San Antonio Spurs coach Gregg Popovich, asked the other day about the importance of marking Black History Month, noted that the National Basketball Association is “made up of a lot of black guys.” More importantly, he said, “we live in a racist country that hasn’t figured it out yet.”
This sort of candor has won Popovich deep respect among people of color while prompting consternation among some white folks. In another remark that went viral last fall, Popovich said, “We [white people] still have no clue of what being born white means.”
He’s right. Most of us white Americans have little understanding of whiteness. Where did it come from? Who invented the notion of being white, and why? How does whiteness function in the world?
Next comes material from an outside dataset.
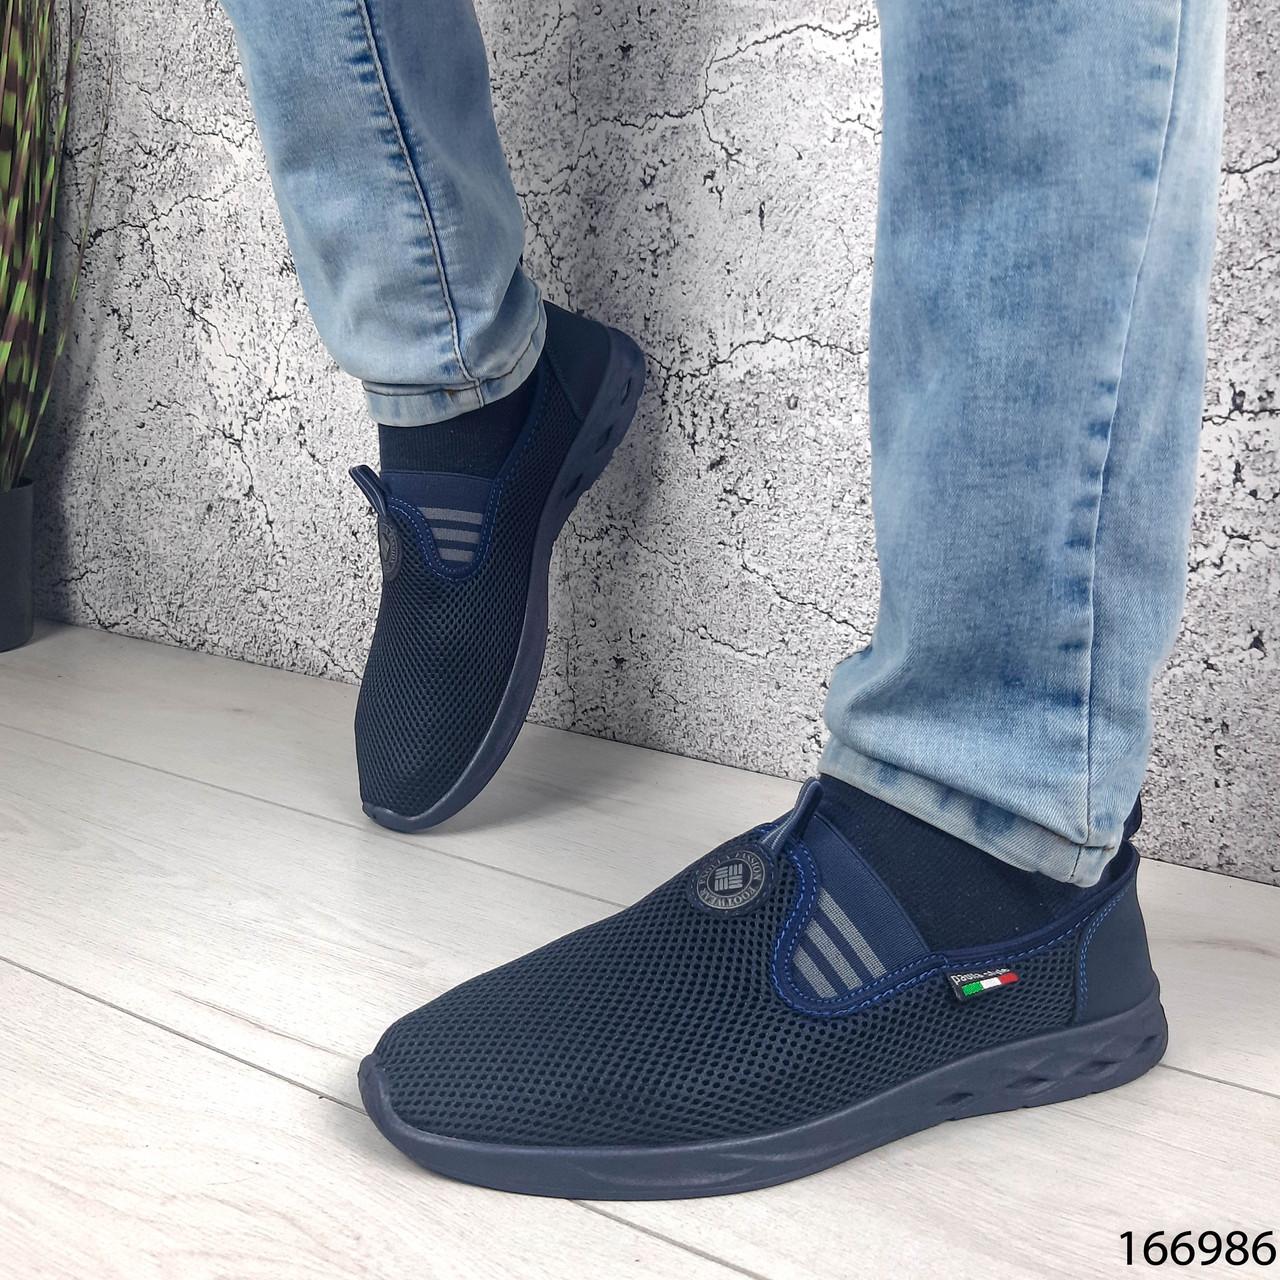 Мокасини сині чоловічі з сіткою текстильної повсякденна зручна легка чоловіче взуття

In a seven-hour podcast series, “Seeing White”, I dove into those questions along with fellow journalist Chenjerai Kumanyika and with help from leading scholars of race.
Not only do we learn that race is man-made, we tell the story of its invention in Europe and we name names. We explore how notions of whiteness and blackness were further refined in Colonial America as our strikingly cruel brand of chattel slavery took shape. We show how racial science reinforced racist ideas well into the 20th century.
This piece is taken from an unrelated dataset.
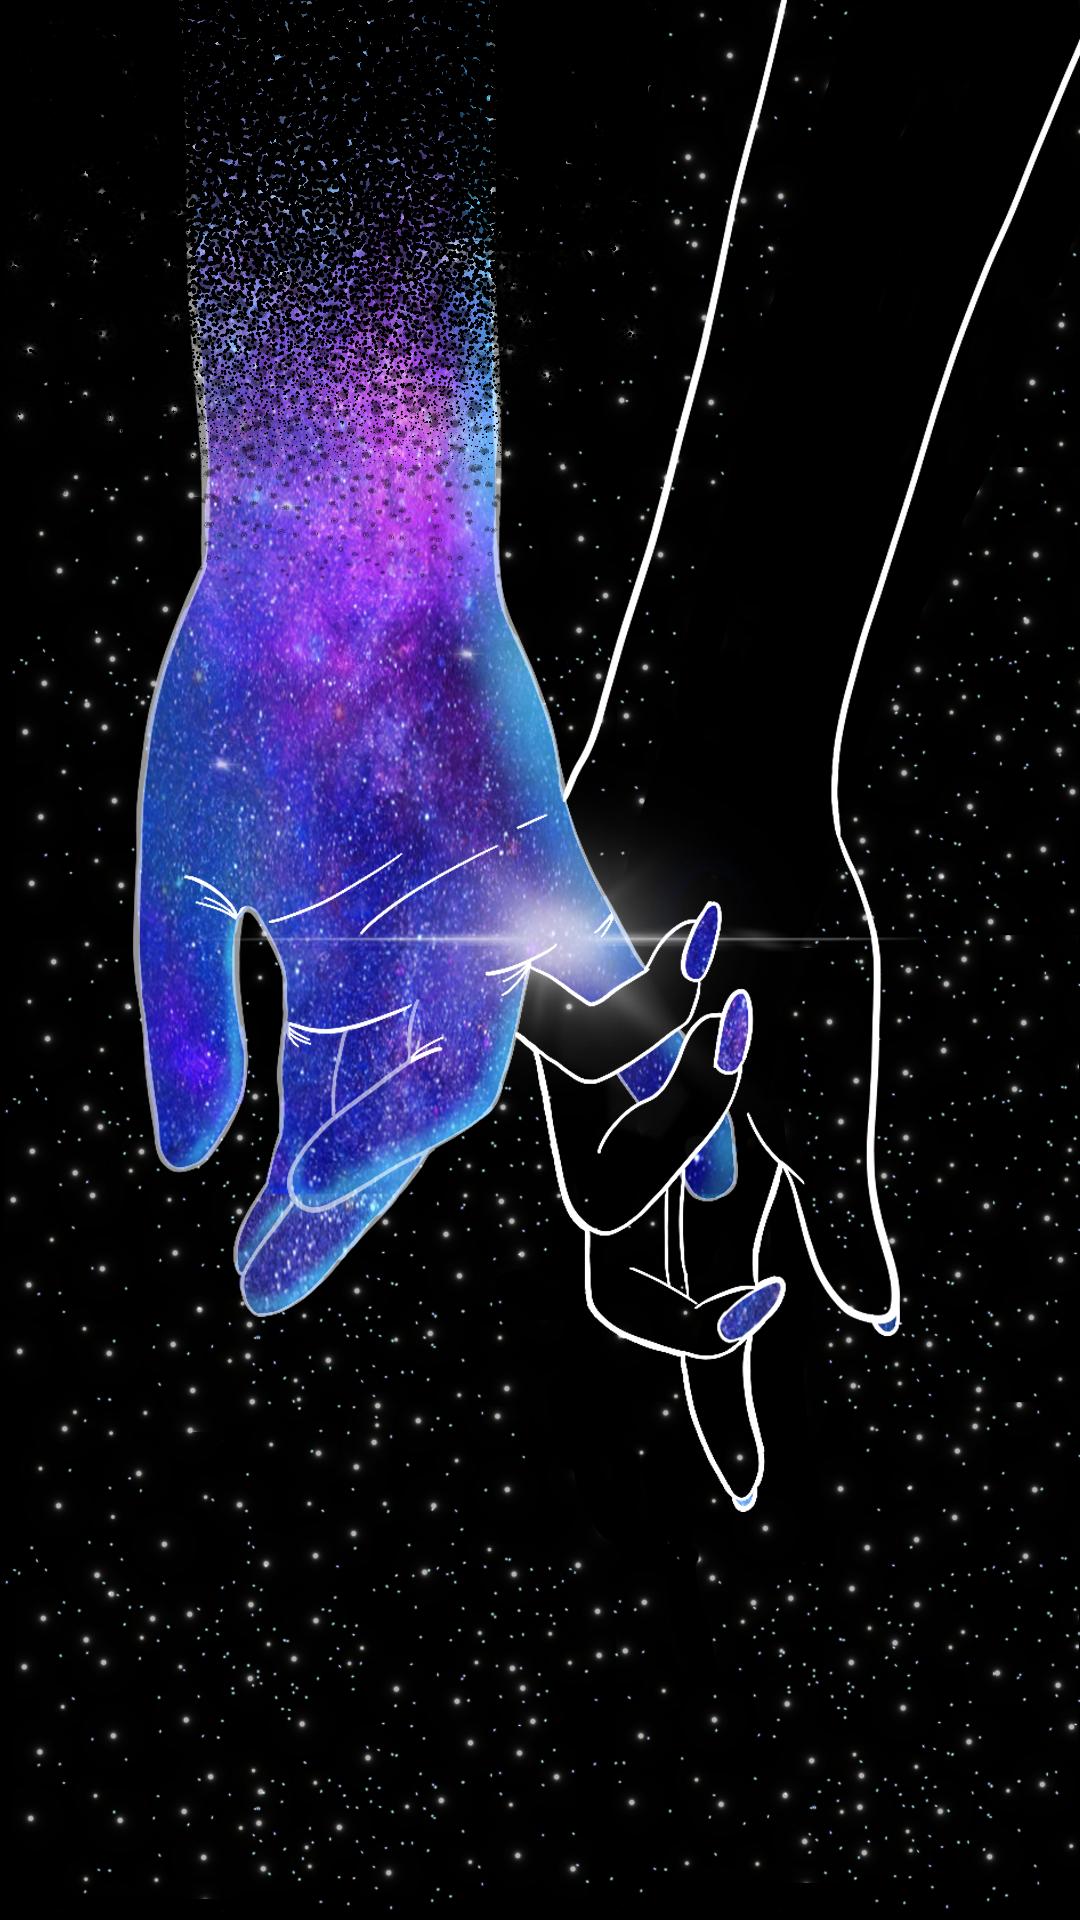 Wallpaper Amor Galáxia by Gocase, poeira das estrelas, galáxia, galaxy, purple, blue, black, preto, stars, estrelas, nails, holding hands, mãos dadas, amor, love, carinho, colors, cores, colorful, constelação, constelation, star dust, planets, planetas, espaço sideral,

“Seeing White” struck a chord. It got our modest, independent podcast on some Best-of-2017 lists, and downloads are approaching a million. It seems there’s a hunger in these troubling times for a deeper understanding of how we got here.
America’s default narrative on race goes roughly like this: The United States was the first nation founded not on tribalism but on universalist ideals, and that makes us exceptional.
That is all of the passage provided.